Chief Imam of the Freetown Central Mosque

Spiritual leader of the United Council of Imams in Sierra Leone

Chief imam of the Masjid Fatima Zahra mosque, Freetown
- In office 1982–1985

United Nations Goodwill Ambassador
- Incumbent
- Assumed office 2000

Personal details
- Born: Freetown, Sierra Leone
- Alma mater: Dar al-Tabligh, Qum, Iran
- Profession: Imam, Islamic Preacher

= Ahmad Tejan Sillah =

Ahmad Tejan Sillah is a Sierra Leonean Shia Muslim scholar and Islamic preacher. He is the chief imam of the Freetown Central Mosque, one of the largest mosque in Sierra Leone. He is also one of the leaders of the Sierra Leone United Council of Imams, an Islamic organisation that is made up of imams across Sierra Leone. Sillah is one of the most prominent Islamic scholars in Sierra Leone. Sillah is a Shia Muslim of the Twelver branch of Shia Islam

Born and raised in Freetown, Sierra Leone, Sillah received a master's degree in Islamic studies at the Dar Al Tabligh Islamic University in the holy city of Qum in Iran. Sillah is an advocate for child and women's rights to be respected as stated in the Quran. He has often preached against violence in society and violence against women.

During Sierra Leone's civil war, Sillah was one of the leading advocates for peace. He traveled to dangerous rebel held areas of the country to preach to the rebels to lay down their arms and accept peace. In 2000, he was appointed by the United Nations Population Fund (UNFPA) as a Goodwill Ambassador.

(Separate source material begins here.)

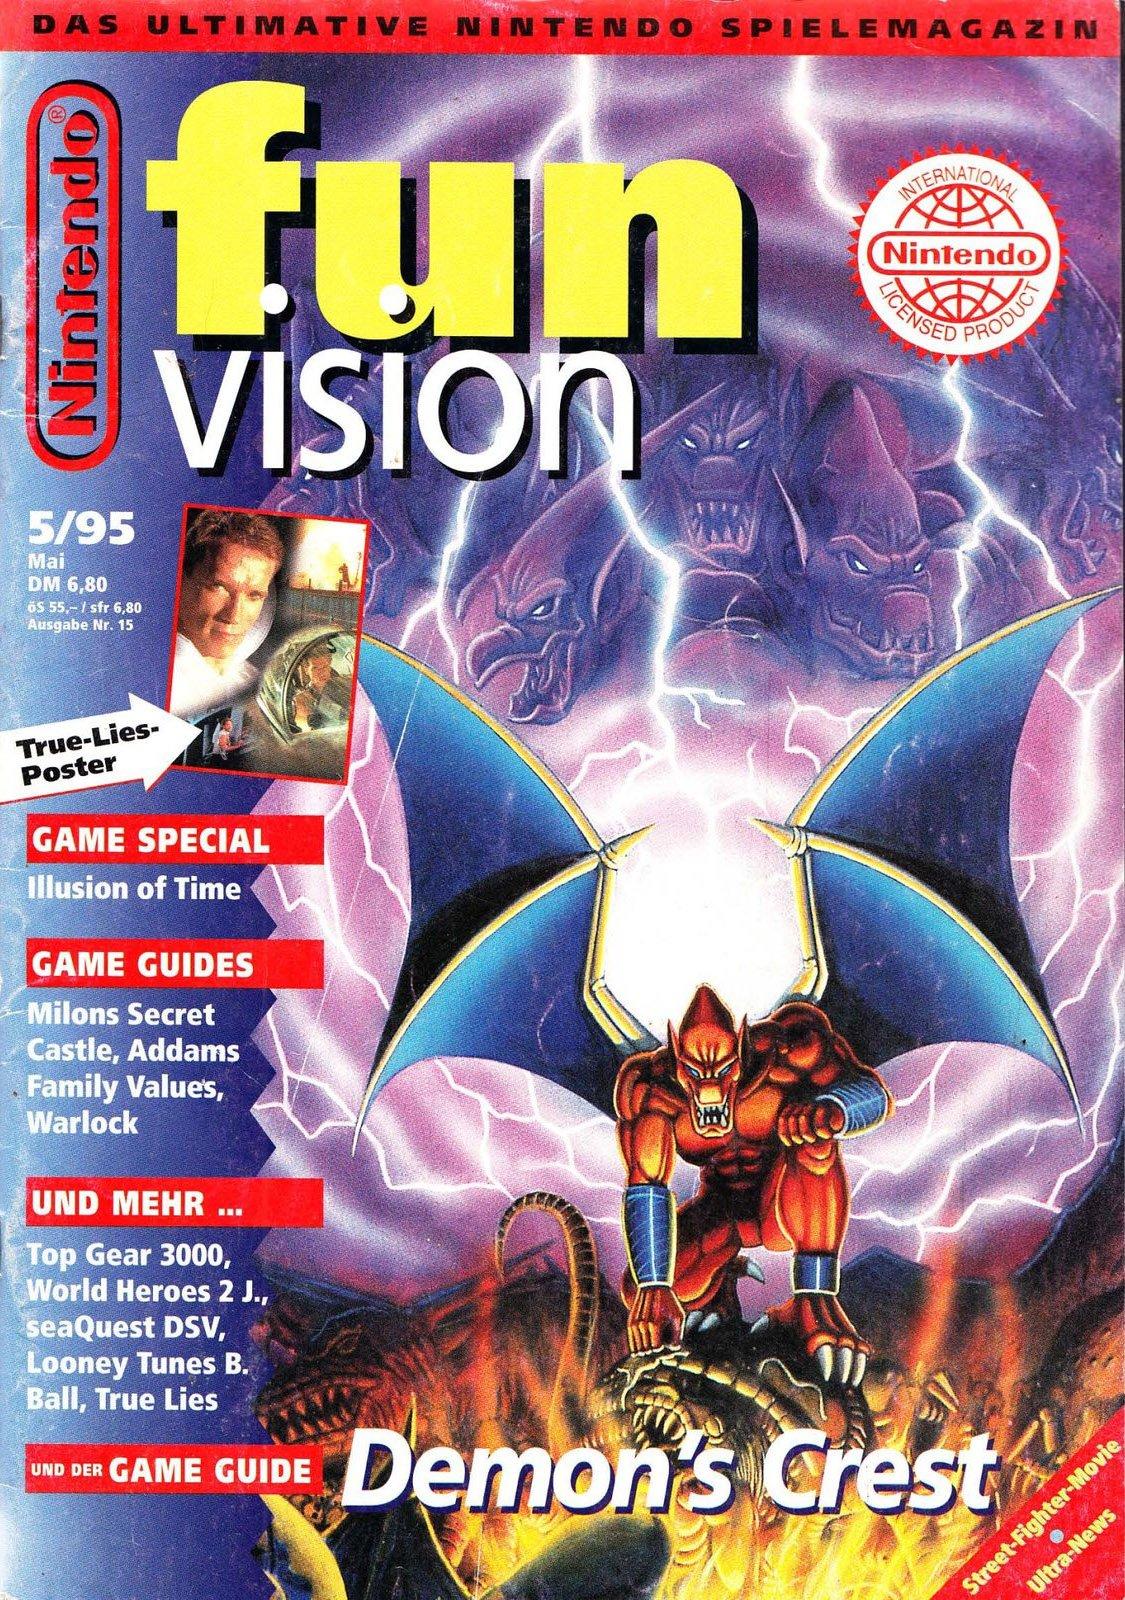 Nintendo Fun Vision Issue 15 (May 1995)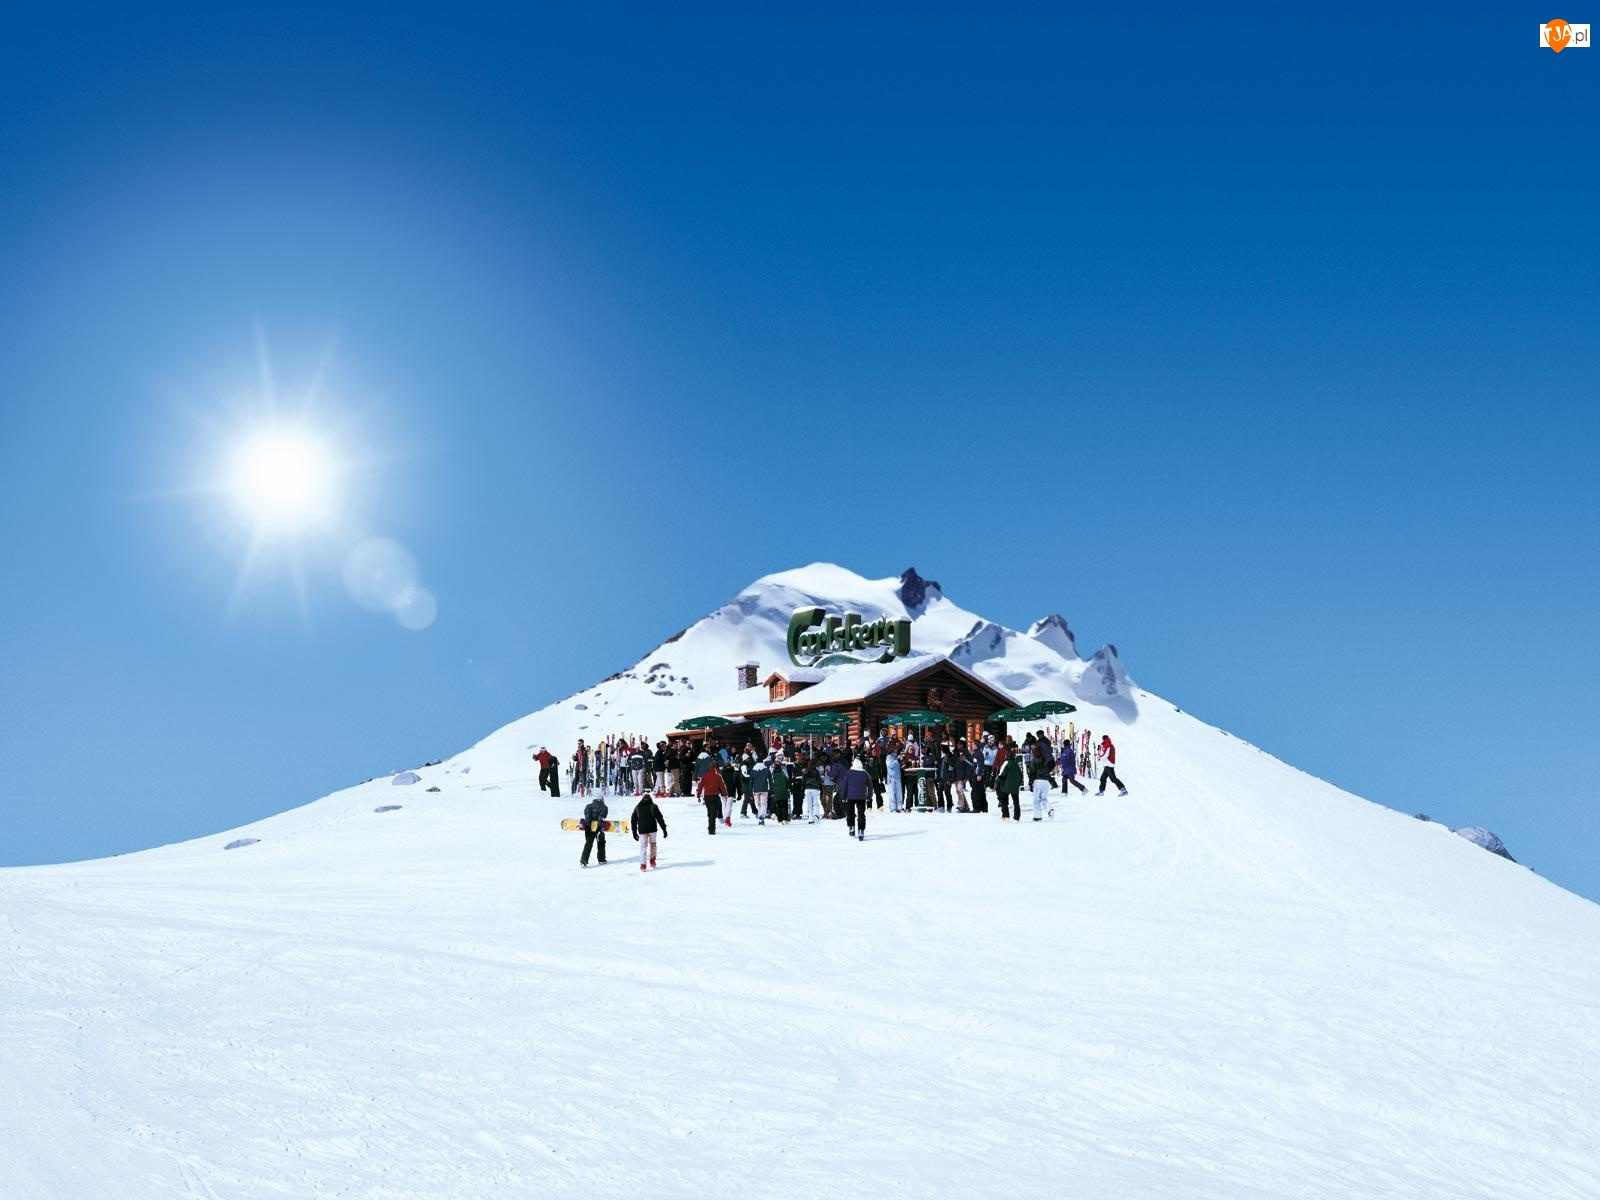 Piwo, Śnieg, Calsberg, Góry

Sillah is a founding member of the Inter-Religious Council of Sierra Leone, which is made up of both Muslim and Christian religious leaders.

==Early life and education==
Ahmad Tejan Sillah was born and raised in Freetown, the capital of Sierra Leone. He is a Shia Muslim cleric. He attended primary and secondary schools in Freetown. In 1974, he received a master's degree in Islamic studies at the Dar al-Tabligh in the holy city of Qum in Iran. He was an Islamic preacher for two years in Iran before returning to Sierra Leone. He is religiously close to Ayatollah Ali Khamenei, the spiritual leader of Iran.

==Activist==

He has used his own wealth to pay fees for poor students, sponsor students to attend college, and he is an advocate for child and women's rights to be respected as stated in the Quran. He has preached against violence in society and against women. Sillah has preached that most of what exists in a true democratic society had existed in Islam long before democracy itself took place in the Western World.